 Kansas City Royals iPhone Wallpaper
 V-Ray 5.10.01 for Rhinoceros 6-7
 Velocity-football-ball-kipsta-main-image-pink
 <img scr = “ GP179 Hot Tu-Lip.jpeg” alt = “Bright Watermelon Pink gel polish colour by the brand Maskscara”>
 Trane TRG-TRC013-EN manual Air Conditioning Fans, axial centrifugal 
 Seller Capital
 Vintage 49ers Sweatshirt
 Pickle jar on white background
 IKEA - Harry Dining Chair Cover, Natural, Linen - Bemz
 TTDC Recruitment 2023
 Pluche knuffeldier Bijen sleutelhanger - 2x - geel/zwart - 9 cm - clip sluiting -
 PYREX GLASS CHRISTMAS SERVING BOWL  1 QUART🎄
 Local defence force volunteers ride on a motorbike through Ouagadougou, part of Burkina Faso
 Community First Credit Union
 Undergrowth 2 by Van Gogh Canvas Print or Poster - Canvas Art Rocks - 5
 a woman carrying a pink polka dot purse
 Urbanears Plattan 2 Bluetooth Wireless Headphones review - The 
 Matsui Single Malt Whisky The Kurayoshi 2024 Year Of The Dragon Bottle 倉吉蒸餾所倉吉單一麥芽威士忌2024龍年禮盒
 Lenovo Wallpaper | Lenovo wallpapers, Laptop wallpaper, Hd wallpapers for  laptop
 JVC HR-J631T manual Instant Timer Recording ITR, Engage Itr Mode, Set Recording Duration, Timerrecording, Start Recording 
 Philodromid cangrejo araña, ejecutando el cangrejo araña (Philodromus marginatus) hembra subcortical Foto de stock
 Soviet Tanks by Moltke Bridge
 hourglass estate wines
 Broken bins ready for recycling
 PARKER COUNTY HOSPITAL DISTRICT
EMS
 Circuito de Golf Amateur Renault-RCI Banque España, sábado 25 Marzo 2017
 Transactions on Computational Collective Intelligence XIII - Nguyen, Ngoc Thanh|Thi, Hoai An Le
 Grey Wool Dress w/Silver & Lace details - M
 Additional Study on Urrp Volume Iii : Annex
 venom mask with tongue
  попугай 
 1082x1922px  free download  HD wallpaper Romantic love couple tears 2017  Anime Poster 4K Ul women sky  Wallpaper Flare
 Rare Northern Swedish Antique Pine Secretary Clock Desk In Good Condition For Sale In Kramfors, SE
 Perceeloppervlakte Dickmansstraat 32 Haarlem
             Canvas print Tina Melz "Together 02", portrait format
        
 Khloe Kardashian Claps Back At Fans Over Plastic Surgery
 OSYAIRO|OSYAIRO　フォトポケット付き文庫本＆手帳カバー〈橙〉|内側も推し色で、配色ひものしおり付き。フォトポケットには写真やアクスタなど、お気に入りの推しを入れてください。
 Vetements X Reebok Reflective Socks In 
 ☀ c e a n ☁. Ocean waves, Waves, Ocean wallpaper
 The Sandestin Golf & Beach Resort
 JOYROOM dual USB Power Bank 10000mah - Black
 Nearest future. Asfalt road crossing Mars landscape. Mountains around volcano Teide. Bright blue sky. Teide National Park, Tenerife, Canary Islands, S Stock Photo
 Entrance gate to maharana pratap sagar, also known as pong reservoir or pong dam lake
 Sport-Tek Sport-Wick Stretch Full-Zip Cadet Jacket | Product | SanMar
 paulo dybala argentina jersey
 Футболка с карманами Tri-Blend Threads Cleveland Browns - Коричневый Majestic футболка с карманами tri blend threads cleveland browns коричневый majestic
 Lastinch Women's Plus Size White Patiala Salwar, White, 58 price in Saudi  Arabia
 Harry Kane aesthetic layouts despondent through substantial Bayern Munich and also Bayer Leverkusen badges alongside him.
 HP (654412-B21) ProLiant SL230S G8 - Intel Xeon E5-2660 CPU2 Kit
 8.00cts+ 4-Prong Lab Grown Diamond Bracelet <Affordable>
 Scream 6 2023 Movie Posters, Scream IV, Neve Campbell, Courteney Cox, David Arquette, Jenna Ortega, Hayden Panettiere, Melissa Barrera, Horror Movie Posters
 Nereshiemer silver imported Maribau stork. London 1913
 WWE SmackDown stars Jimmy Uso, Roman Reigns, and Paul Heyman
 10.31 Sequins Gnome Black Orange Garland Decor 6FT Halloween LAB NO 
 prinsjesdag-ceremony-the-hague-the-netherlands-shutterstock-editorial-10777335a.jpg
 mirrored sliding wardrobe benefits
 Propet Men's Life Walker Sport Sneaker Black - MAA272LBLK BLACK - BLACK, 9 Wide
● ● ● ●
### Instructions to follow
Among the entries above, copy exactly only the lines starting with the one containing "Футболка с карманами Tri-Blend" and going through the one containing "HP (654412-B21) ProLiant", both ends included.

### Exercise solution
 Футболка с карманами Tri-Blend Threads Cleveland Browns - Коричневый Majestic футболка с карманами tri blend threads cleveland browns коричневый majestic
 Lastinch Women's Plus Size White Patiala Salwar, White, 58 price in Saudi  Arabia
 Harry Kane aesthetic layouts despondent through substantial Bayern Munich and also Bayer Leverkusen badges alongside him.
 HP (654412-B21) ProLiant SL230S G8 - Intel Xeon E5-2660 CPU2 Kit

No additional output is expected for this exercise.